Mais M. Périco Légasse, qui ne précise pas ce qu’il veut dire par « empoisonner », n’a pas tout à fait raison non plus. En effet, les produits livrés par la grande distribution et qui viennent pour beaucoup de l’agriculture dite intensive, mais également de l’agriculture biologique, ne sont pas empoisonnés, même s’il arrive que l’on retrouve des traces d’OGM et de pesticides dans les produits… bio. Le secteur agroalimentaire a consenti de nombreux efforts depuis la dernière décennie pour améliorer la sécurité alimentaire et la traçabilité des produits. C’est ce qui explique que l’on retire toujours des lots infectés par la salmonelle, des staphylocoques ou autres bactéries. La sécurité alimentaire, de ce point de vue, existe. De plus, le chroniqueur gastronomique omet un pan considérable du problème : l’éducation à la cuisine et à la gastronomie. Car beaucoup de Français, classes défavorisées ou non, ne savent pas tous cuisiner…
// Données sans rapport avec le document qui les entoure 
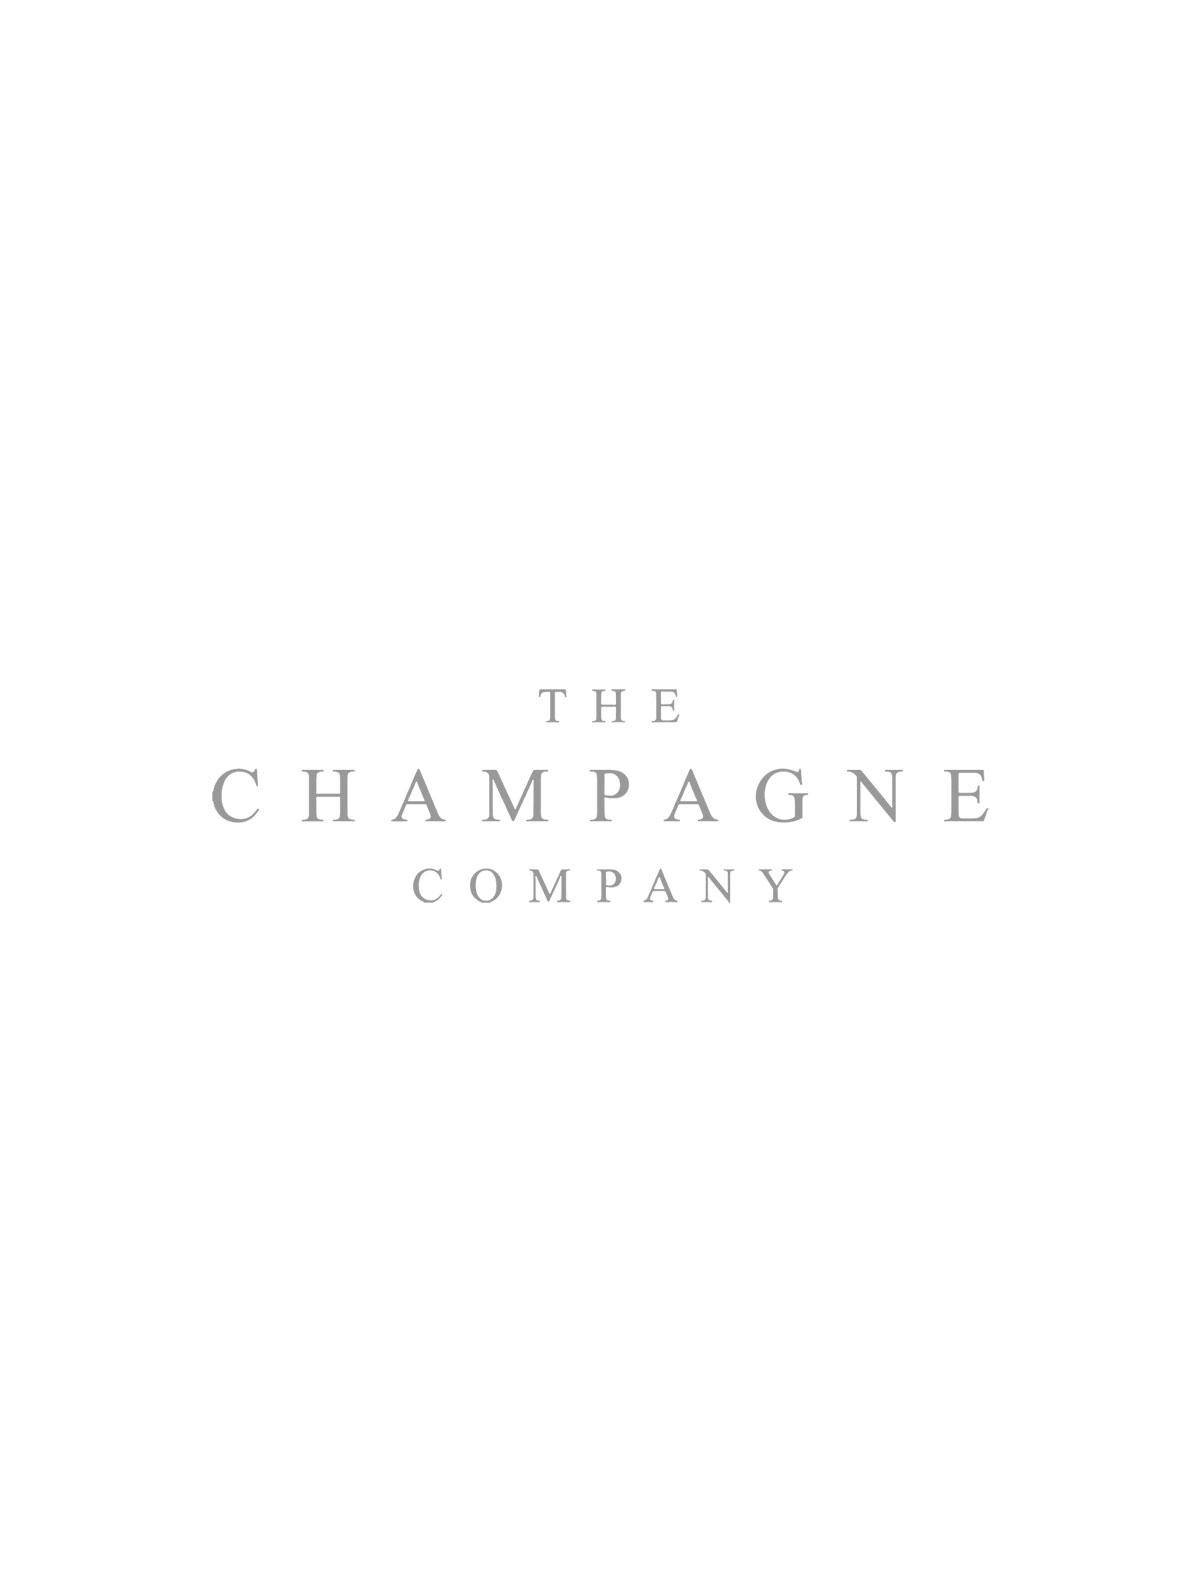 Domaine Chanson Bourgogne Chardonnay 2015 White Wine 75cl

Reste que ni le bio, ni les contrôles, ni la traçabilité, ni tout autre dispositif n’empêcheront les scandales alimentaires. Car il y aura toujours des personnes malveillantes pour tirer profit du système. On l’a vu avec les raviolis à la viande de cheval. En fait, derrière le coup de gueule de Périco Légasse se pose la question du modèle d’alimentation que l’on veut : élitiste donc pour un petit nombre ou populaire pour le plus grand nombre ? Au bout du bout se pose le mode d’agriculture à encourager : intensif ? Extensif ? Bio ? Avec OGM, sans OGM ? Le tout sachant que nous sommes déjà plus de sept milliards d’individus sur Terre et que les terres arables ne sont pas extensibles. Comme d’habitude, les agriculteurs sont pris entre le marteau des opérateurs industriels et l’enclume des demandes des consommateurs.